Would you return the listing that follows exactly, leaving its pictures behind?

DATASET SECTION ::
>>

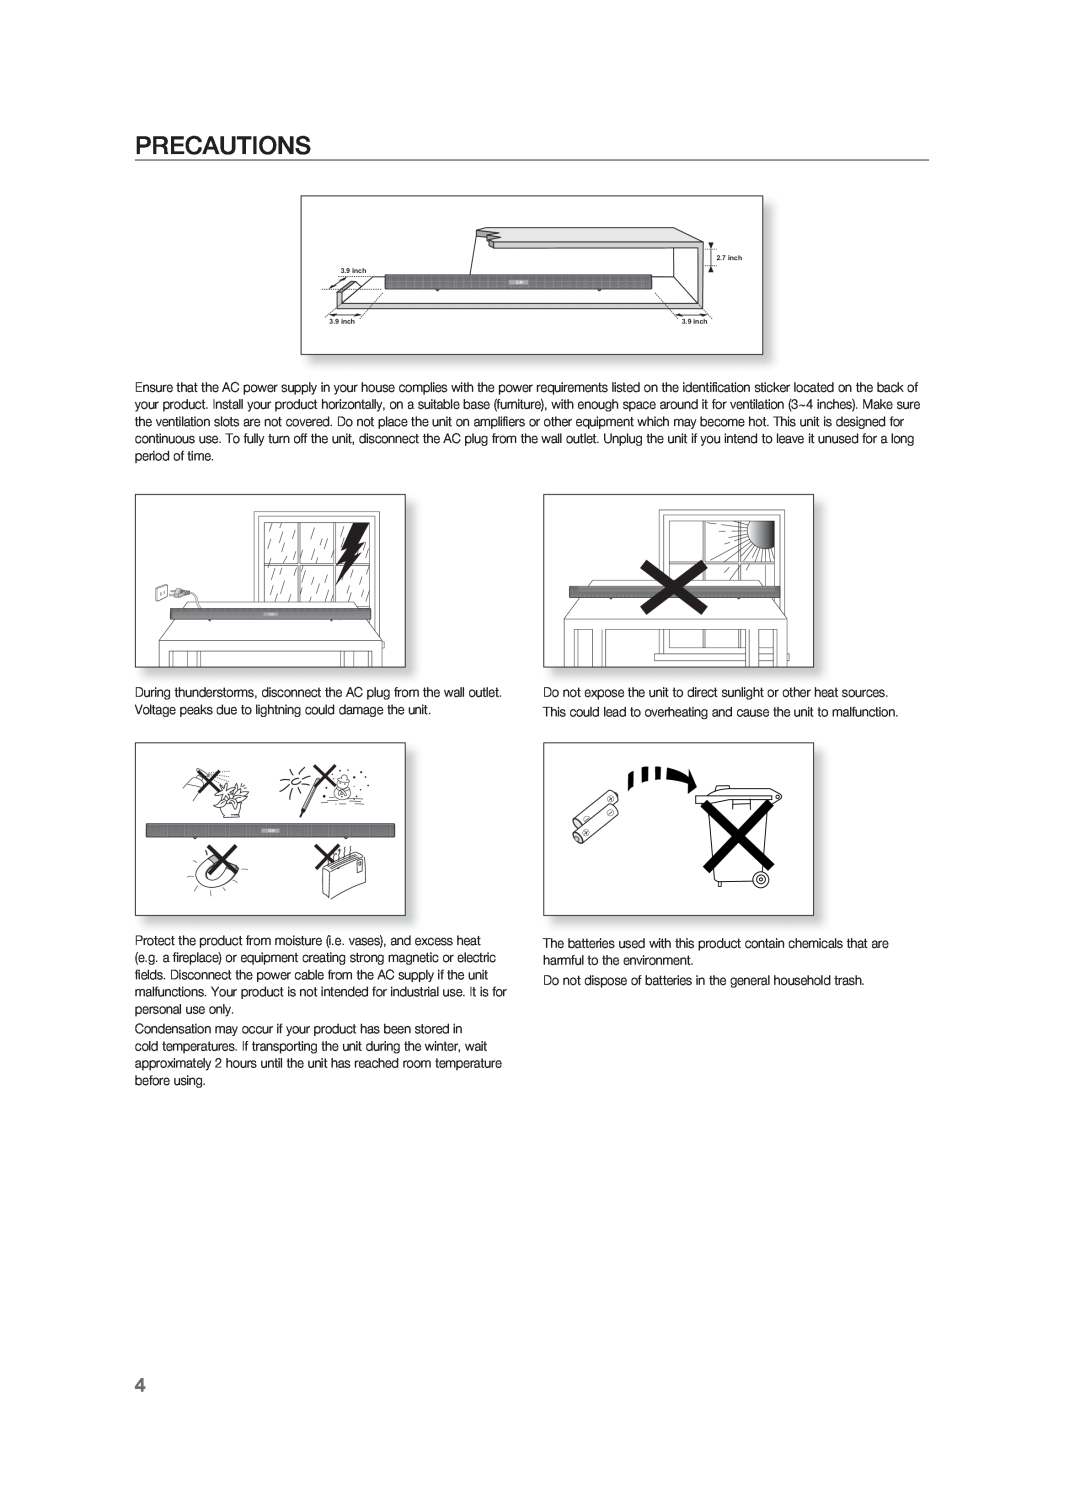 Samsung HW-F850/ZA user manual Precautions, inch 3.9 inch 
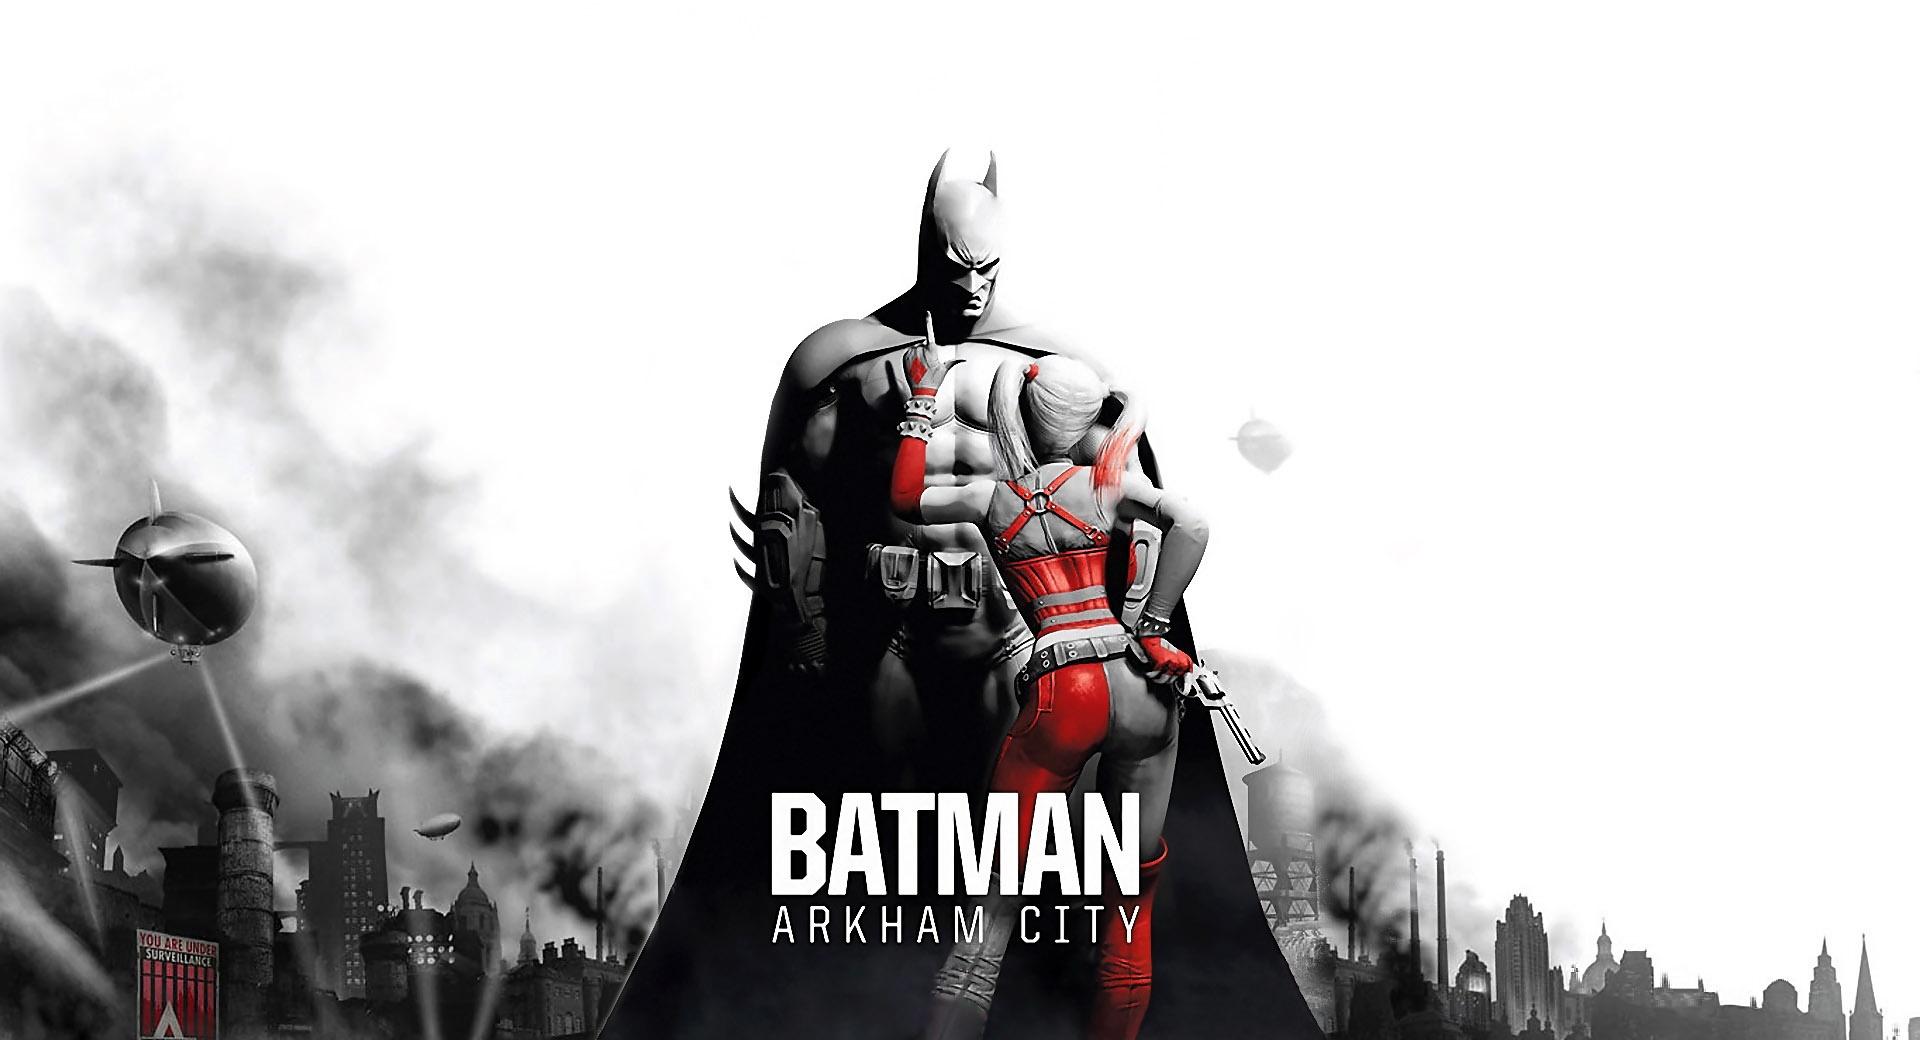 Batman Arkham City - Batman Harley at 1024 x 1024 iPad size wallpapers HD quality
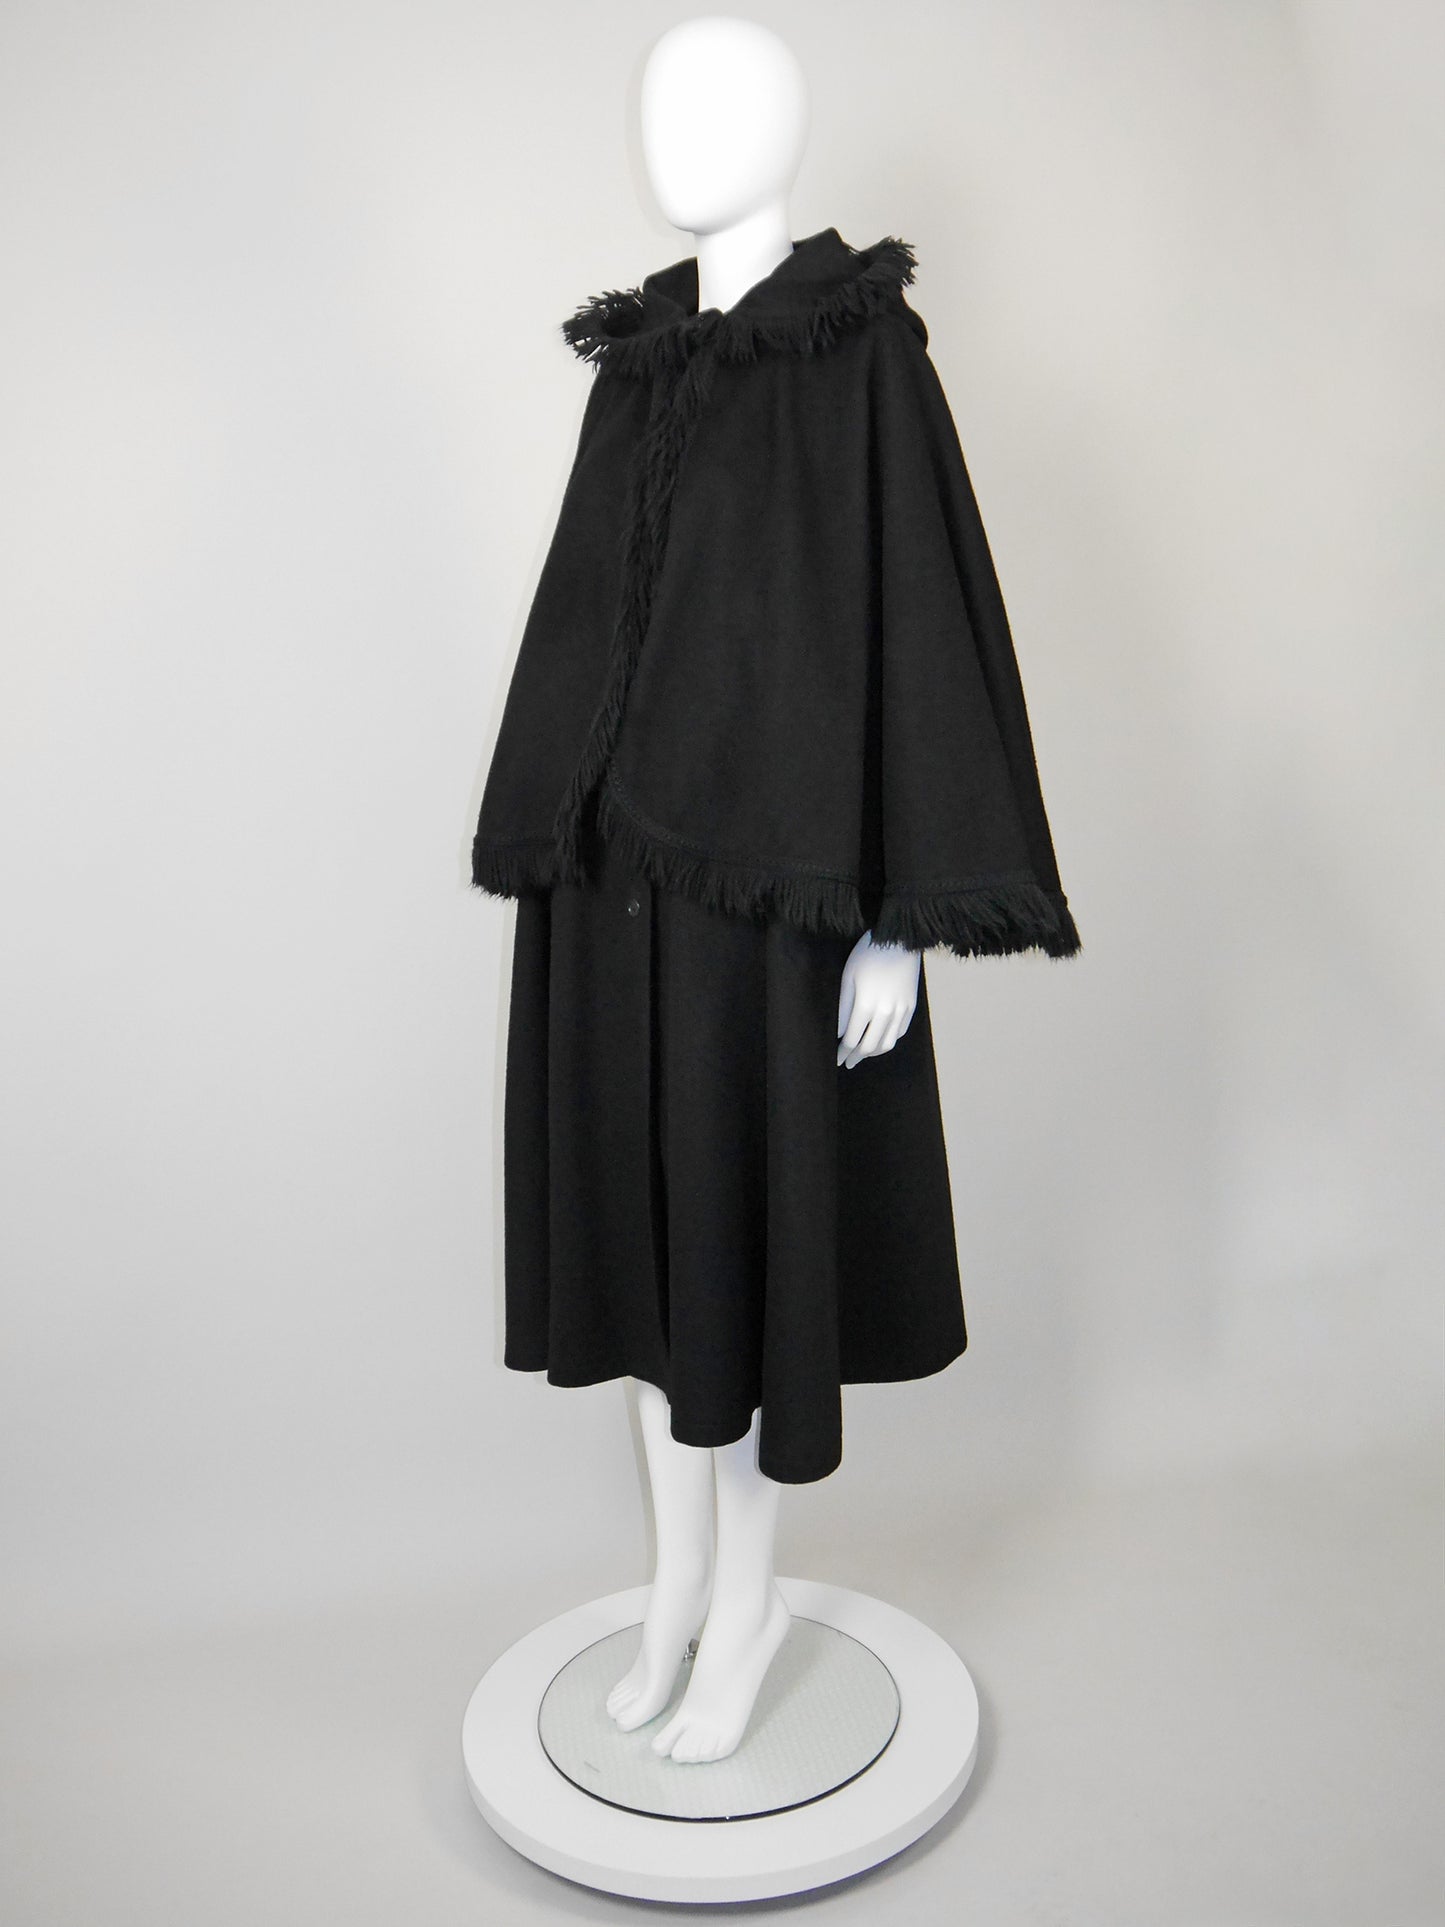 YVES SAINT LAURENT 1970s Vintage Fringed Hooded Wool Cape Coat Size S

<<

ANSWER BOX ::
 Samsung HW-F850/ZA user manual Precautions, inch 3.9 inch 
 Batman Arkham City - Batman Harley at 1024 x 1024 iPad size wallpapers HD quality
 YVES SAINT LAURENT 1970s Vintage Fringed Hooded Wool Cape Coat Size S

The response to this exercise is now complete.